Amber Barrett celebrates her goal in Glasgow

In the dressing room after that famous win, Ireland players sang Celtic Symphony by the Wolfe Tones, a song which includes the line, 'Ooh, ah, up the Ra'. Footage of the celebrations went viral.

The following morning, the squad returned to Dublin for what was supposed to be a triumphant media event.

Instead it was dominated by questions about the dressing-room celebrations, with Sky Sports' Rob Wotton asking Chloe Mustaki, "Does it highlight the need for education on issues like this? Is that something you'd be for?"

The story raged hysterically for days, clouding the glory of their big breakthrough.

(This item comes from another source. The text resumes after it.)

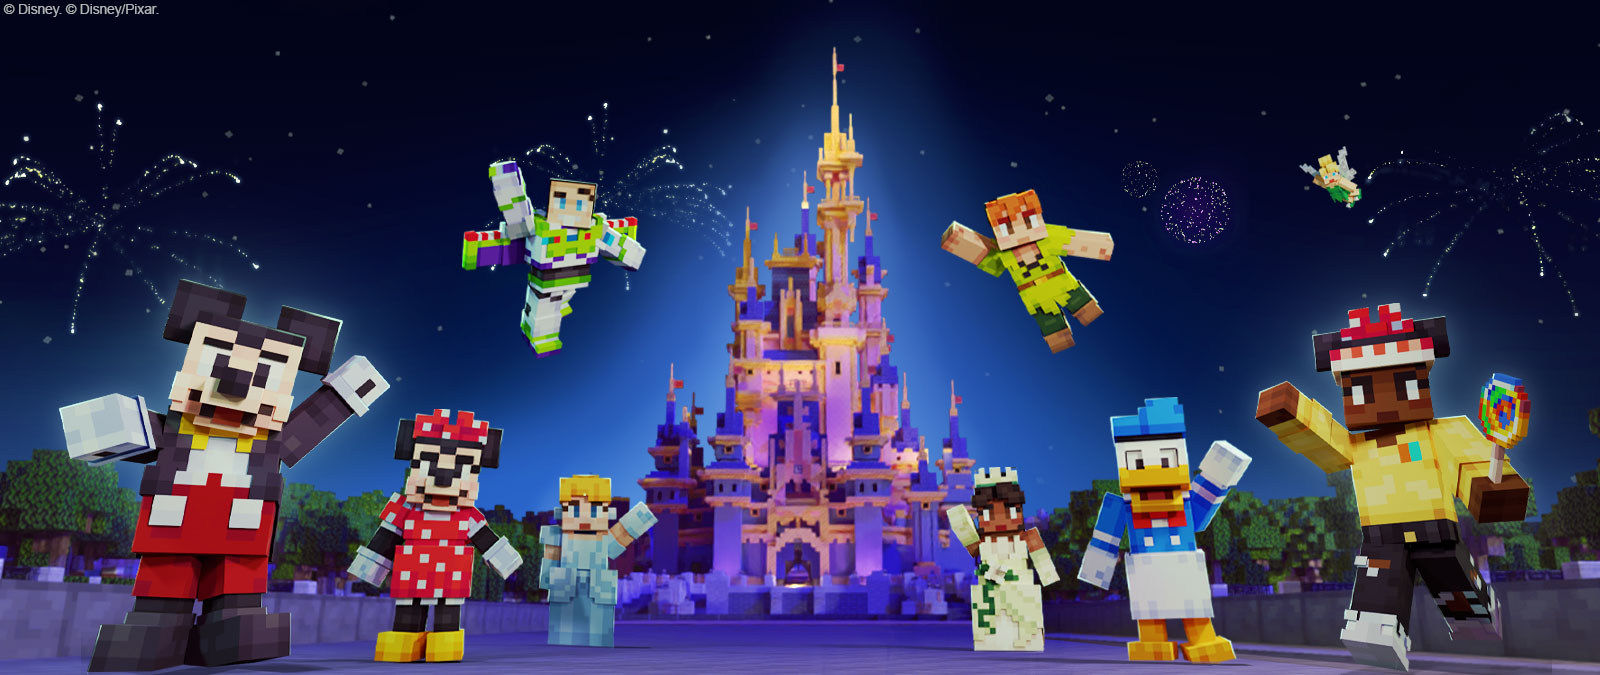 Disney 城の前にいる Minecraft 風のミッキーマウス、ミニーマウス、バズ・ライトイヤー、シンデレラ、ピーターパン、ティアナ、ドナルドダック、ティンカー・ベルその他のキャラクター

Barrett, who taught English and History, did not take umbrage with Wotton's line of questioning, or with the reaction generally.

"To be honest I didn't see the interview with Sky. I still haven't watched it," she says.

"At the end of the day, he is doing his job. He has to ask the questions. It happened, it was something we took responsibility for, there was no hiding from it.

"Creeslough was still the only thing in my mind. I received a message two days after the game from Hugh Harper, whose 14-year-old daughter died in the explosion. When I'm reading that I'm not thinking about anything bar what they've just gone through."

"I can't say that I've played my last game of Gaelic football."

Nine months have passed and Barrett is now preparing for the World Cup.

She has not been prolific for club or country over the last year but does possess a useful knack of delivering on the big occasions. Perhaps in a month's time there'll be a new Amber Barrett moment etched into the annals of Irish football history.

Having moved on from Turbine Potsdam to Standard Liege in Belgium, she has more barriers to break, more stages to conquer.

And then, she'd like to bring it all back home.

"I can't say that I've played my last game of Gaelic football," she smiles.

"I probably wouldn't be as good as I used to be... maybe with a wee bit of practice I could sharpen up again."